Cinicamente o gerente disse:
- Essa faca não ajuda em nada. Vou trocá-las e
volto já.
Virou as costas e foi buscar as facas. O grupo,
sem nada dizer, levantou-se e foi embora.
5
A mulher, com várias sacolas colocou o pé na
faixa de pedestres e começou atravessar a rua. Apressada a mulher da Mercedes
azul marinho, obrigada a parar, buzinou impertinente.
A mulher, sem alterar o passo, parrou,
descansou as sacolas no chão, em frente ao carrão, tirou dela um ovo e
arremessou contra o para-brisa de dois mil reais.
Depois, sem pressa, ergueu as sacolas e
continuou atravessando a rua.
6
Depois de dez minutos sentado, sem nada ouvir
ou poder dizer, olhando a mulher em sua frente preencher papéis: dois livros
ato, e mais dois formulários, que teve que assinar dando ciência de que estava
sendo atendido, finalmente ouviu a voz da médica:
- O senhor tem diabetes, mas vem muito pouco
aqui. Já tem mais de seis meses que passou pela última consulta. Não acha que é
muita falta de responsabilidade consigo mesmo?
- Sabe o que é...
- Não sei, pode me dizer por que demora tanto
para vir à consulta médica?
- É que seu atendimento é muito ruim, por isso
eu evito ao médico ficar em sua presença, só venho mesmo em último caso.
No
final, depois de responder a pergunta, procurou sorrir, como se tivesse apenas
respondido de forma protocolar o questionamento. A mulher, sem voz, abaixou a
cabeça e continuou fazendo anotações.
7
De dentro do carro, reconheceu a cara do novo
ministro da educação.
- Vai mais devagar. Pediu ele ao colega, já
arrancando o tênis do pé.
O rapaz, filho de um vaqueiro do sertão da
Bahia, acabara de ser aprovado para cursar Filosofia em uma universidade
pública, mas agora nem sabia se entraria com a diminuição das vagas, imposta
por aquele burocrata.
- Toma essa, ministro pilantra. Gritou arremessando
o tênis, que acertou na cara do homem, em pé na calçada, enquanto dava
entrevista para uma tv.
8
O diretor da Escola de Saúde Pública, na roda
com os estudantes que lhe cobrava providência quanto a falta de livros e
internet na biblioteca, acendeu um cigarro. Sem cerimônia, sem disfarçar a
impaciência, baforava fumaça na cara dos estudantes, que tossiam incomodados.
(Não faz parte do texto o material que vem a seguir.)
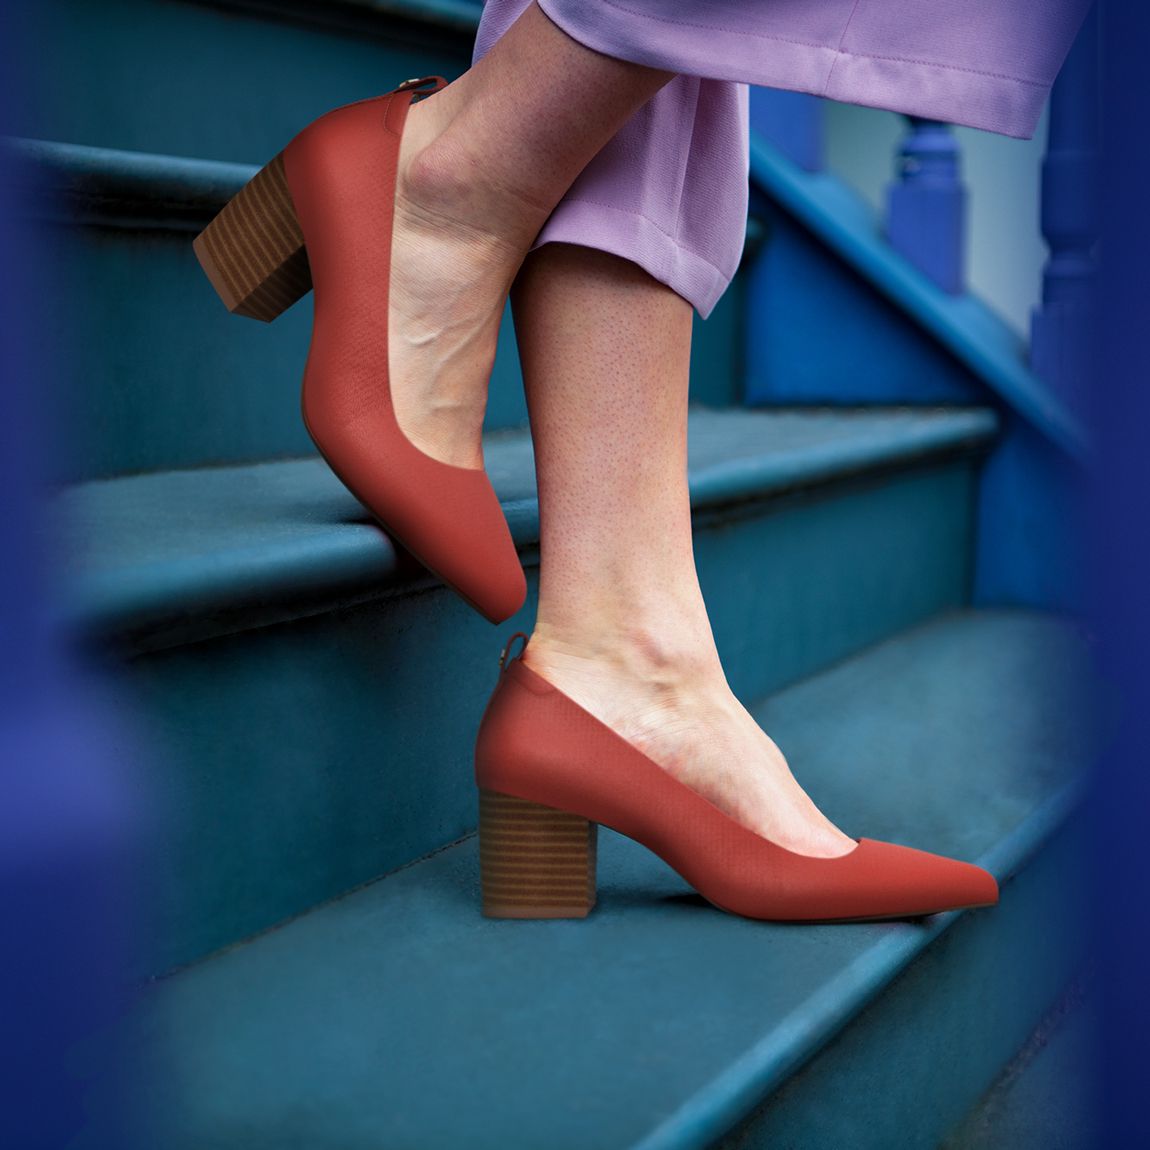 Women's Best Shoes for Flat Feet | FitVille UK – FitVilleUK
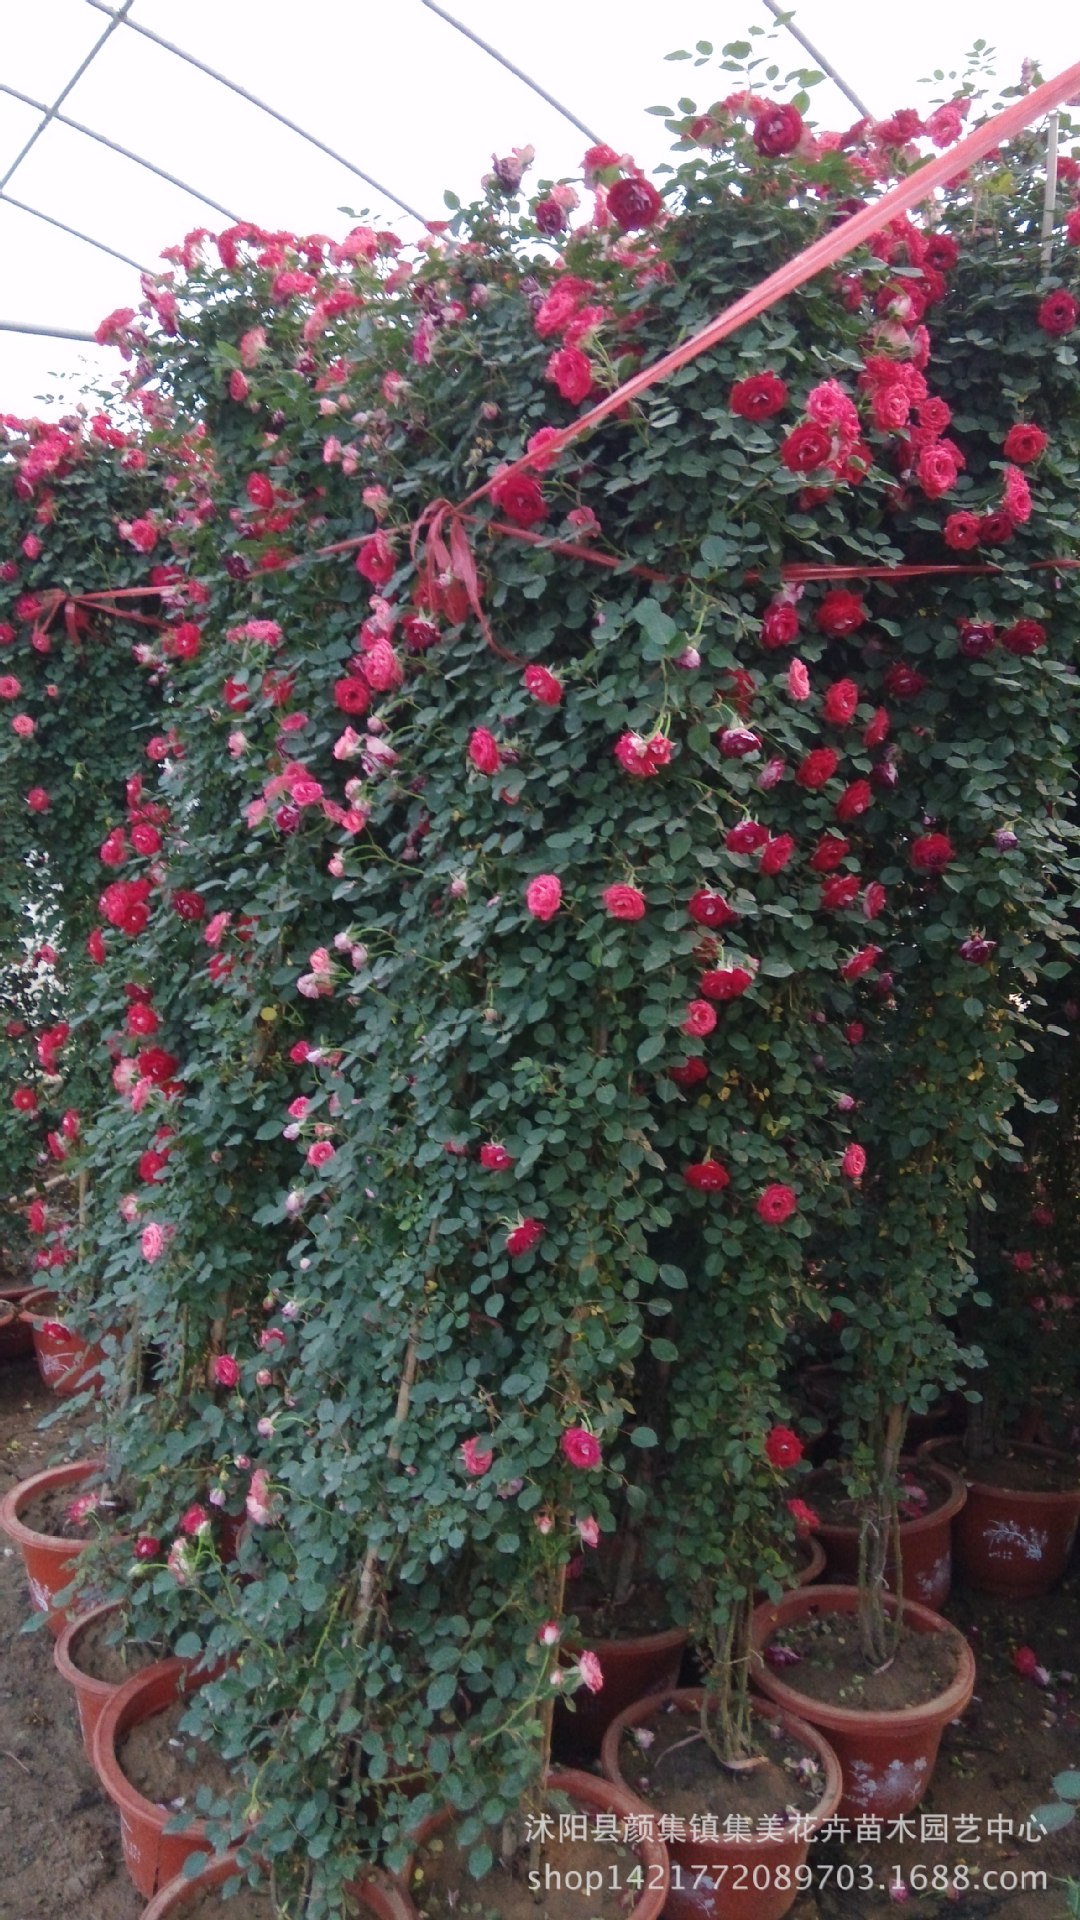 藤本月季是蔷薇科优选品种,花期长达6-8个月,花朵硕大繁多,是高档绿化

Discretamente, Luzia, menina pequena, magrinha,
saiu da roda. Quando voltou trazia um extintor, que descarregou na cara do
diretor. Do cigarro não saiu mais fumaça, mas todos continuaram tossindo.
9
A estudante foi para a comunidade assim:
Sapato de salto alto – R$ 538,00.
Camiseta bordada – R$ 164,00.
Relógio de ouro – R$ 2.600,00.
Brincos de diamante –R$ 5.850,00.
Calça jeans – R$ 544.90.
Jaleco Banco bordado com seu nome – R$ 326,00.
Quando saiu do outro lado da viela, seu
orçamento já era bem menor.
10
Quando perguntado o que sentia, pelo menino de
jaleco branco e estetoscópio nos ombros, o homem disse, com toda certeza:
- Acho que tô com princípio de peleumonia.
O menino, parou de escrever na ficha e olho
para o homem pela primeira fez.
- Se o senhor sabe que tá com PELEUMONIA, não
precisava vir aqui, não é mesmo?
- Meu pai morreu de peleumonia e eu tô sentindo
a mesma coisa que ele sentiu antes de morrer...
- Não existe peleumonia, seu... Interrompeu
bruscamente o menino de branco. É pneumonia. E quem sabe se o senhor tem
PNEUMONIA, é o médico, não o senhor, que nem estudo tem. O senhor por acaso
sabe ao menos ler?
O homem baixou a cabeça, não disse mais nada. O
menino levantou-se, fez ausculta no pulmão.
Do seu lado estava o filho, adolescente de 16
anos. Nada disse e o menino de jaleco branco não pareceu perceber sua presença.
Depois da ausculta, escreveu alguma coisa na
ficha e estendeu um papel com sua assinou:
- Peça para recepcionista um raio X e volte
quando estiver pronto.
O homem e seu filho levantaram-se e foram
saindo. Ainda no porta, o menino sorriu e disse:
- E não se esqueça, não existe peleumonia. É
P-NEU-MO-NIA, seu...
Antes que os dois tivessem saído completamente,
gritou:
- O próximo.
No meio do atendimento seguinte, alguém abre
bruscamente a porta do consultório, interrompendo a consulta e anuncia com
urgência:
- Seu carro tá pegando fogo, doutor.
Ele corre ao estacionamento, mas o fogo no seu
Jeep já não tinha mais como ser apagado.